● **Prompt**: Repeat exactly, and only, the lines below starting at the line that contains "RAL 240 30 20" and ending at the line that contains "Catch 122 North Vancouver Menu - 1", inclusive of both.

Records contained in a dataset:
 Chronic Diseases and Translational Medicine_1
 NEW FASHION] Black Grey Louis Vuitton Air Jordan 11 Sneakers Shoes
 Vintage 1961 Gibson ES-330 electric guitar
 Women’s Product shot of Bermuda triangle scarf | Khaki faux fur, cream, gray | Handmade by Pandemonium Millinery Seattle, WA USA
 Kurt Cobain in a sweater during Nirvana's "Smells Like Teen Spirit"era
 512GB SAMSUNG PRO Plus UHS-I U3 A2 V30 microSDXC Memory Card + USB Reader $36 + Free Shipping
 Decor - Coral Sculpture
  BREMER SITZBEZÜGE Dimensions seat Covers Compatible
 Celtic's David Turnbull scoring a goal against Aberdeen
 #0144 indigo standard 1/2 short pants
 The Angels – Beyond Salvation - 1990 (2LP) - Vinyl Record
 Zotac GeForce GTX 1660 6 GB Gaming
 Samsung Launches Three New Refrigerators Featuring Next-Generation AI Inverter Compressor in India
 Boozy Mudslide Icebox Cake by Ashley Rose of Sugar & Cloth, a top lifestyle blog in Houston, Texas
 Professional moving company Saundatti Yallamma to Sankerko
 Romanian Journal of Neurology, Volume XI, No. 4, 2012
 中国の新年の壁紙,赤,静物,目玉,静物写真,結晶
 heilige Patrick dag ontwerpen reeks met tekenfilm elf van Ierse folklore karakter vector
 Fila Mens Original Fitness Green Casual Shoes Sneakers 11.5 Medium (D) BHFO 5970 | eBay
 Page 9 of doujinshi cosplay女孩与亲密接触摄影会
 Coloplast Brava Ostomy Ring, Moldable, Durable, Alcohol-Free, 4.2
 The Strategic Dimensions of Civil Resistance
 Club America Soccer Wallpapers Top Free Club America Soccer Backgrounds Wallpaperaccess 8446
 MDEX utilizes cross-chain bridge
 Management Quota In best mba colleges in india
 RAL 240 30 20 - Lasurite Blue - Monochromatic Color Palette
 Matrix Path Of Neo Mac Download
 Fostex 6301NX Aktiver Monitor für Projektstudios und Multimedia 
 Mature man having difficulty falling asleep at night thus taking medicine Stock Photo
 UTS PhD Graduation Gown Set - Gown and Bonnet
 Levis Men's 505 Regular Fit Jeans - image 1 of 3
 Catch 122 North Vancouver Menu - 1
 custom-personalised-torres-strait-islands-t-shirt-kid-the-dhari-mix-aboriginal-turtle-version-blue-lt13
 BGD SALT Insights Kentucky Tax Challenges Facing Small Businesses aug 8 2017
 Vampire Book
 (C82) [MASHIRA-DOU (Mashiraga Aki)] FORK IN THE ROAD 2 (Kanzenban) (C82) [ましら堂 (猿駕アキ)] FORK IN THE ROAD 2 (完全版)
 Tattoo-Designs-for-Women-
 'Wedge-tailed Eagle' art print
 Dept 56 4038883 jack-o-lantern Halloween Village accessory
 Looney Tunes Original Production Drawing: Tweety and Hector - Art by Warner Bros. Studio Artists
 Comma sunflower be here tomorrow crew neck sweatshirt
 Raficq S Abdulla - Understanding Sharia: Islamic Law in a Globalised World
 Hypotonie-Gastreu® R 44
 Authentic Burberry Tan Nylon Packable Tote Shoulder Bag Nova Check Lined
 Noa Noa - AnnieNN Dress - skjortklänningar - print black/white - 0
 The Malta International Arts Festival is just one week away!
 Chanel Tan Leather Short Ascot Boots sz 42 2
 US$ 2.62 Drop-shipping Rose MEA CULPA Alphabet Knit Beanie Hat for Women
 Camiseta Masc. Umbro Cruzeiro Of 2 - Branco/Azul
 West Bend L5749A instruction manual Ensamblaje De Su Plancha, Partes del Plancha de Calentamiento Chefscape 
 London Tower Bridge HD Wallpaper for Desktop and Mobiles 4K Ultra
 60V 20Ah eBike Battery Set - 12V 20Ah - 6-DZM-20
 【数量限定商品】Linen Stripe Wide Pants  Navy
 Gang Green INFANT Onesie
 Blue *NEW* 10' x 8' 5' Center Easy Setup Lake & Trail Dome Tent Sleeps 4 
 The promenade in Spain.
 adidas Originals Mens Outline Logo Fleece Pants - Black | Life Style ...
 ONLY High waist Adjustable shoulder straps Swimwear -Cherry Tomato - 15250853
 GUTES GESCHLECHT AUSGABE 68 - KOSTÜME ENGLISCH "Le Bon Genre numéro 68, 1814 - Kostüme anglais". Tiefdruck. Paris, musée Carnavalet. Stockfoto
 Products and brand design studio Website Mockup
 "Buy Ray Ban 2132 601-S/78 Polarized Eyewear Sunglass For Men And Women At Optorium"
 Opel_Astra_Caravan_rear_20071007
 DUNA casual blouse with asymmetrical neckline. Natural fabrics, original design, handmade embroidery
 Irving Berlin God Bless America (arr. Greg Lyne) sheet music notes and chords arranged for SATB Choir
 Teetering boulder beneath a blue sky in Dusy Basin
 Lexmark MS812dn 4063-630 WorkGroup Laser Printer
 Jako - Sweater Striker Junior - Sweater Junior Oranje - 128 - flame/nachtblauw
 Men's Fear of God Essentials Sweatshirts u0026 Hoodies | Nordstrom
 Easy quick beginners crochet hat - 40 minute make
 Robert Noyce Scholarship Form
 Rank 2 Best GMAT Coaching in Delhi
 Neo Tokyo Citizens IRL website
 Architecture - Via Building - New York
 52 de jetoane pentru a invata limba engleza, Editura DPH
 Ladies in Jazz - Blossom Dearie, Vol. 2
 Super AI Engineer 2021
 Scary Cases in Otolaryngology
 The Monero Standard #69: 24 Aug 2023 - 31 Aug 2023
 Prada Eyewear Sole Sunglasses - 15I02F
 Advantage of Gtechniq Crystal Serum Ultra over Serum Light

● **Response area**:
 RAL 240 30 20 - Lasurite Blue - Monochromatic Color Palette
 Matrix Path Of Neo Mac Download
 Fostex 6301NX Aktiver Monitor für Projektstudios und Multimedia 
 Mature man having difficulty falling asleep at night thus taking medicine Stock Photo
 UTS PhD Graduation Gown Set - Gown and Bonnet
 Levis Men's 505 Regular Fit Jeans - image 1 of 3
 Catch 122 North Vancouver Menu - 1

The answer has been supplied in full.